Start of COLLECTED DATA

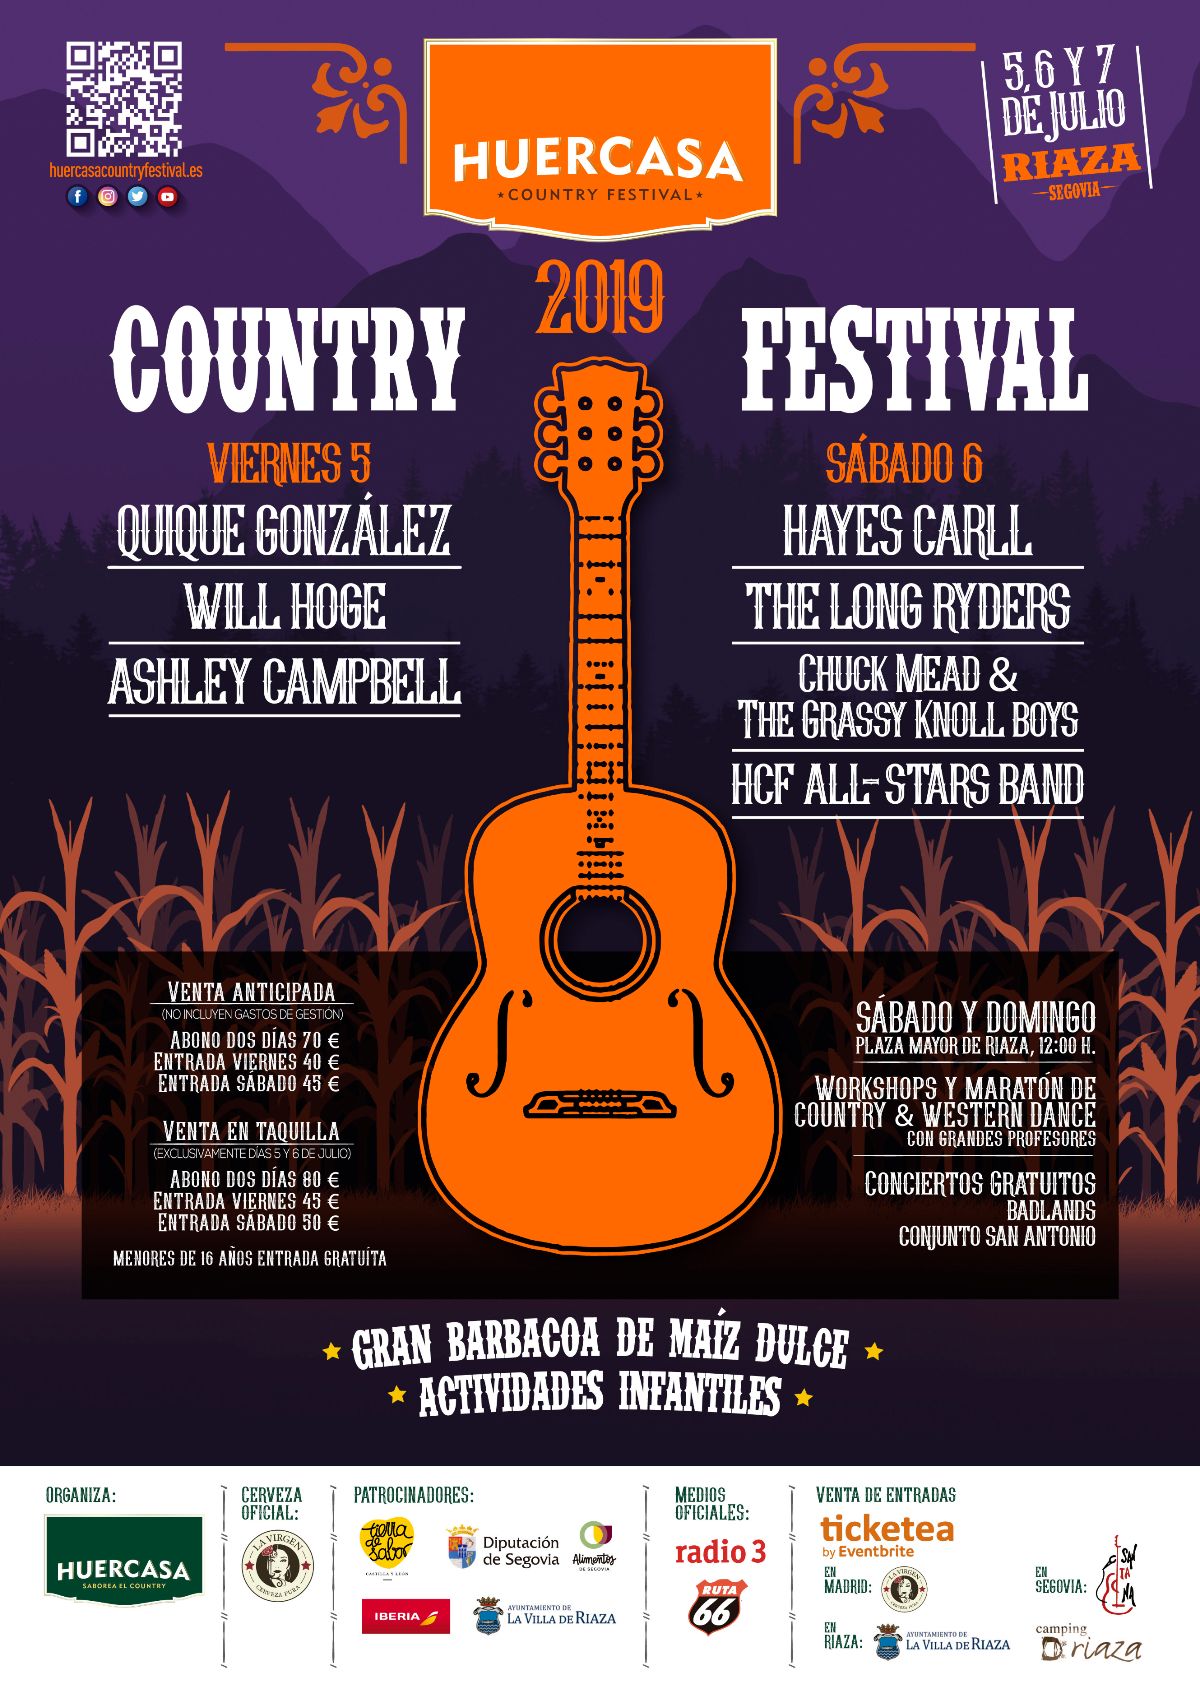 Huercasa Country Festival 2019
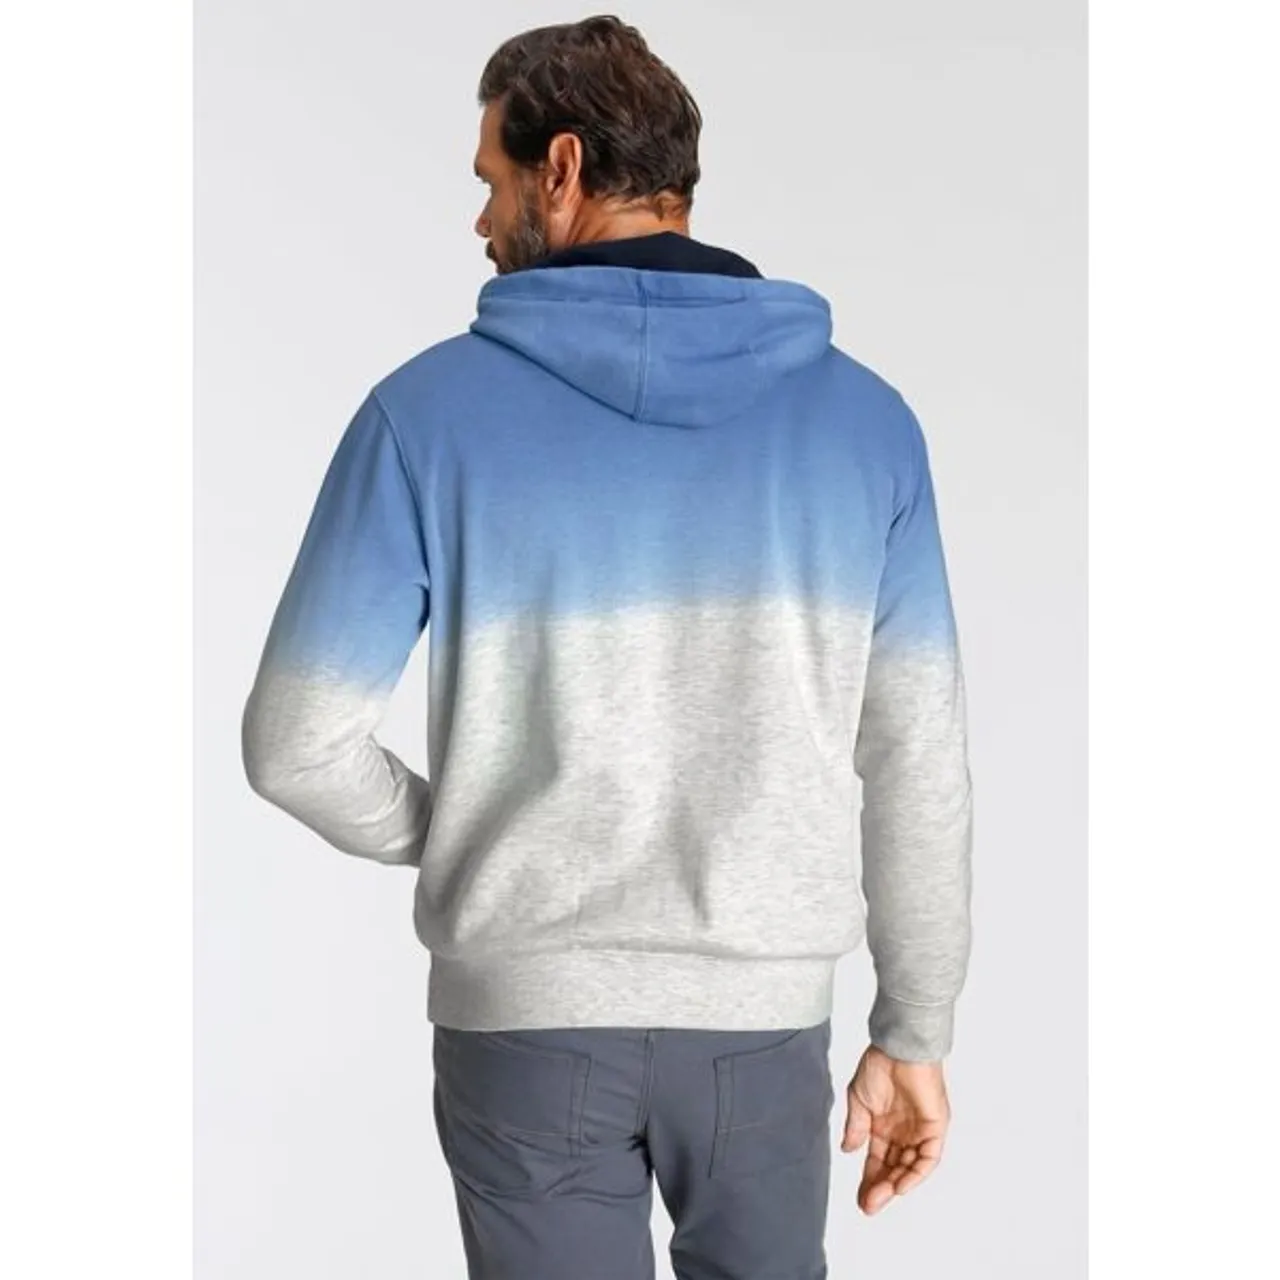 Kapuzensweatshirt ARIZONA Gr. M (48/50), bunt (grau, meliert, blau) Herren Sweatshirts
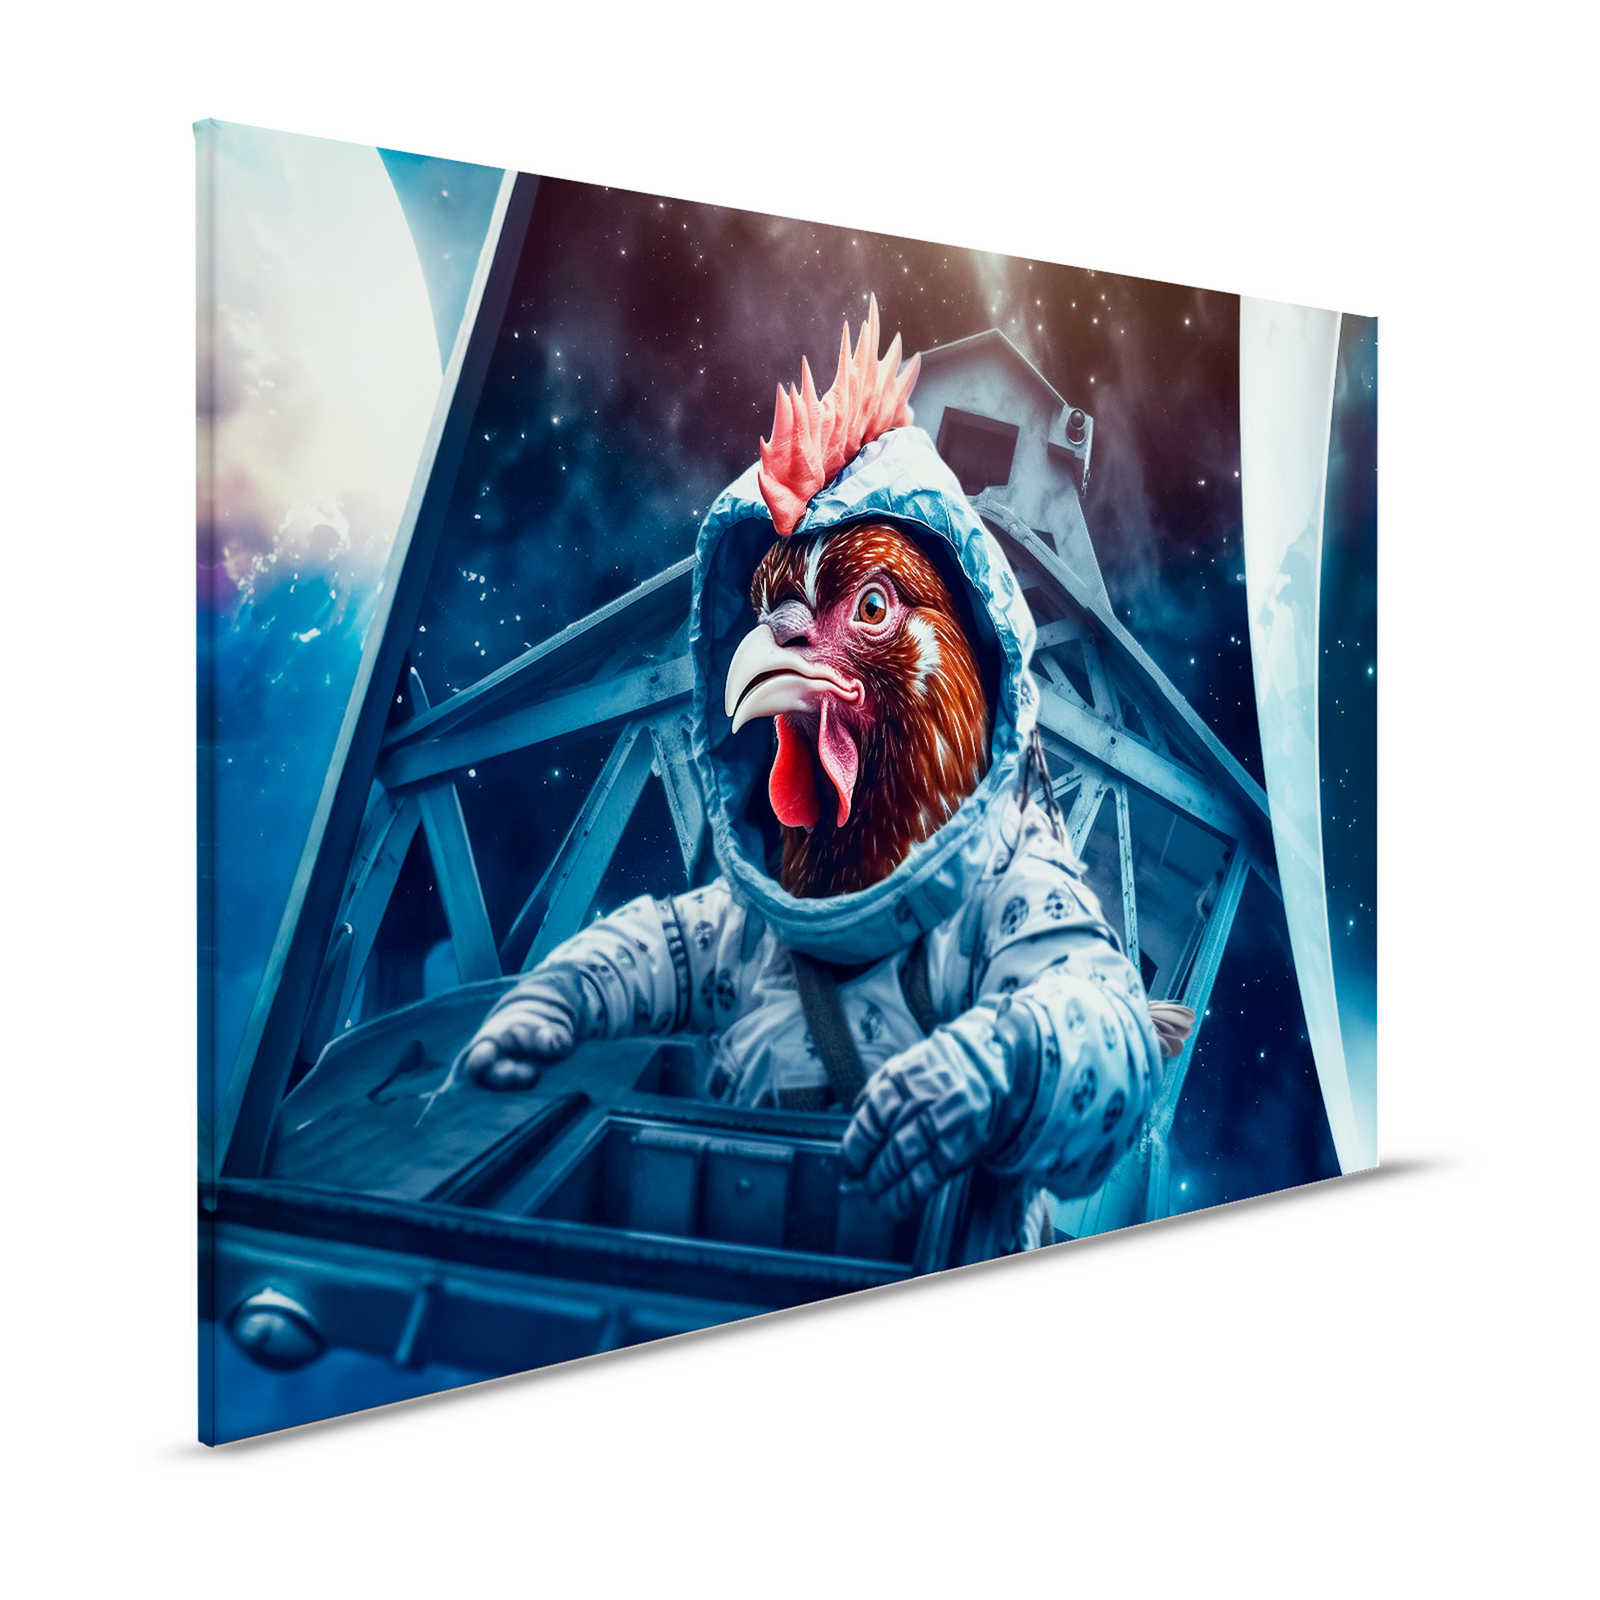 KI Canvas painting »Space Chicken« - 120 cm x 80 cm

End of COLLECTED DATA

EXERCISE DESCRIPTION ::
Omit the pictures and output all remaining material exactly.

TASK ANSWER ::
 Huercasa Country Festival 2019
 Kapuzensweatshirt ARIZONA Gr. M (48/50), bunt (grau, meliert, blau) Herren Sweatshirts
 KI Canvas painting »Space Chicken« - 120 cm x 80 cm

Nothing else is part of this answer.